Any online shopper can find the best price by searching across channels. And it is absolutely normal for a buyer to heavily research a product on one site (usually the one with the best content and ‘discovery’ experience) only to make the purchase where the best price can be found. Stopping them from doing this is the trick that direct-to-consumer brands must master. It’s to the chagrin of many brands today that while 34% of online consumers said they used branded sites for product inspiration last year, that figure has now dropped to 18%. Our Future Shopper 2020 study also confirmed that Amazon is the main beneficiary.
We have discussed how exclusivity in products and content gives customers a reason to visit D2C sites beyond simple product search, and hopefully make a purchase. But what approaches have the biggest direct impact on negating the obvious attractions of lower prices? Loyalty programmes are one very promising area. In fact, our Ready or Not? research into digital commerce leaders in the UK and US, showed loyalty programmes were the number one area where brands felt they could compete with the likes of Amazon. Nike is a standout example, offering a wealth of attractive training and lifestyle rewards with membership, including the Nike App, Nike Run & Training Clubs, as well as early access to new products and other exclusives.
Another approach is for a brand to demonstrate its purpose and what it stands for. While the drive for the cheapest price can attract certain customers, we increasingly see consumers seeking information about the ethics and sustainability of companies and products. For Generation Z (6-16 year olds), 66% want to buy products from companies that are trying to do good in the world. The figure for active consumers (16+) is also high, with 71% of online shoppers saying they wish retailers and brands offered better environmental practices such as less packaging. More than half (55%) said that they considered a company’s ethics and morals when making purchasing decisions.
Unilever anticipated this trend a decade ago, launching its Sustainable Living brands plan in 2010. And, notably, the 26 associated brands (including Dove, Lipton and Hellman’s) have grown 46% faster than the rest of its business. Clearly, Unilever is delivering on its sustainability promises and having a positive impact with consumers at the same time.

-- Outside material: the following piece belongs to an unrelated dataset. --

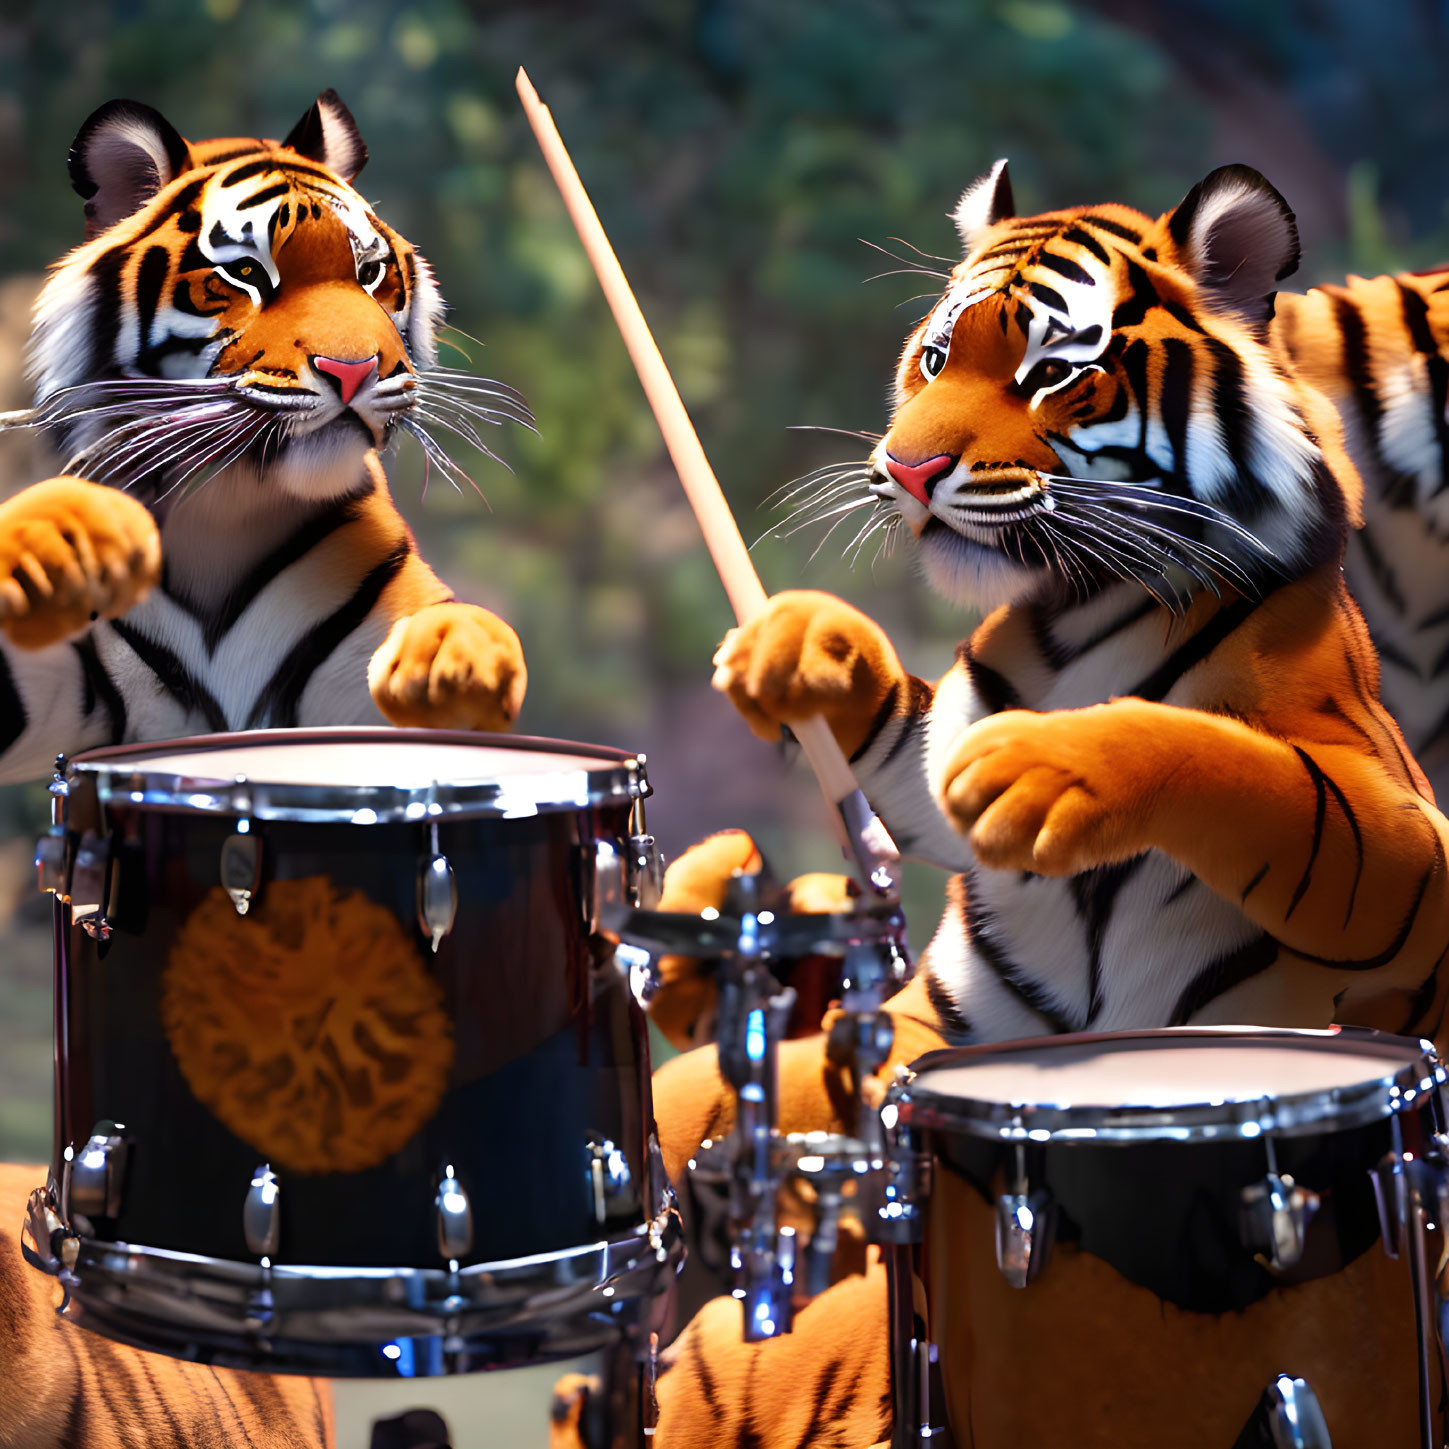 Two animated tigers playing drums in forest setting

Experience as a core proposition
The key point is that some consumers will overlook cheaper options elsewhere for the right kind of exclusivity, for example, if they feel like they are a valued member of a club or community, or if their purchase aligns with their values. To avoid being dragged into discounting battles that brands are usually doomed to lose, it is therefore important to make the experience a core part of the proposition, so price isn’t the only factor customers weigh up when it comes to buying direct from you.

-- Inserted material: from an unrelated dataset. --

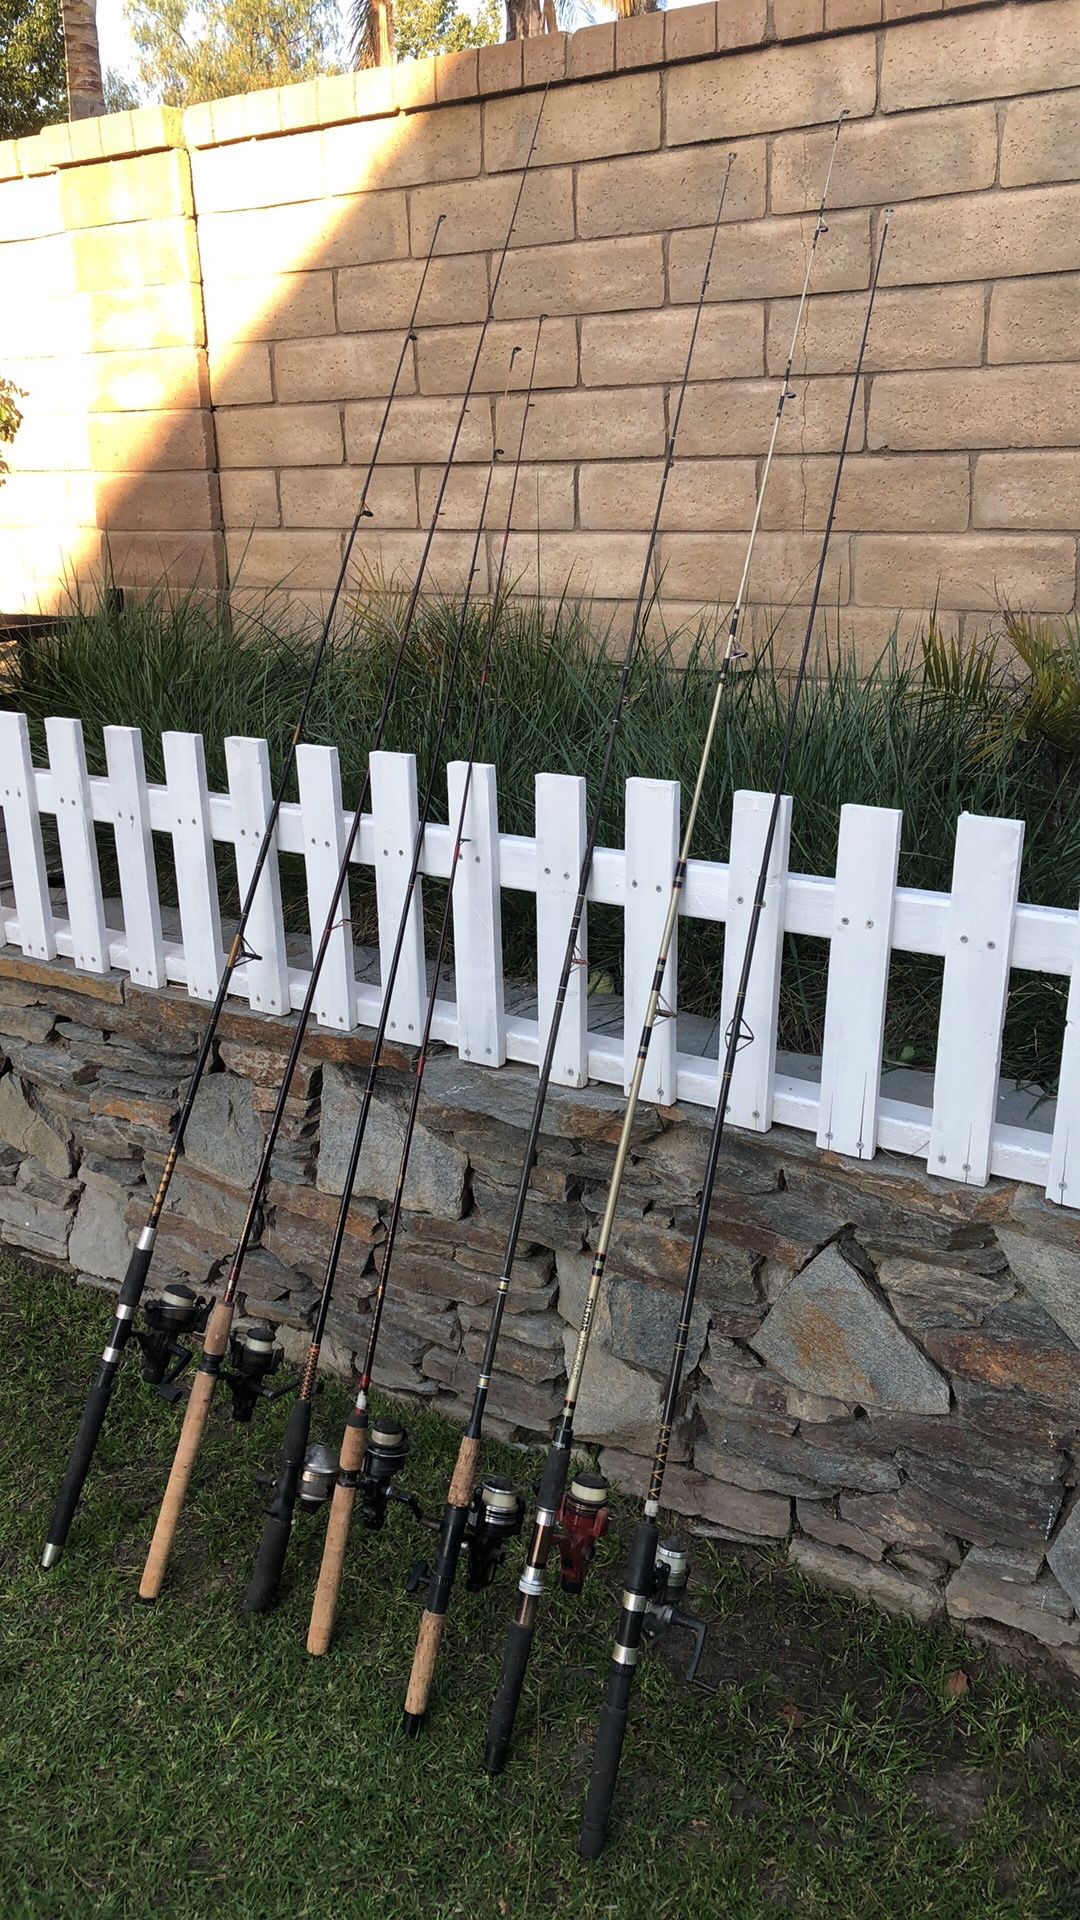 SEVEN (7) Fishing Rods with Reels

Making every experience shoppable is the new retail holy grail. Brands and retailers need to deliver richer narratives that seamlessly weave content with commerce functionality throughout the user journey. Today’s leading ecommerce technology solutions allow businesses to do this too. If you’re able to join up and mine the shopper data across your organisation, and have the people, processes and tech in place to make it happen, you’re in a strong position to deliver experience-inspired retail fit for today’s shoppers.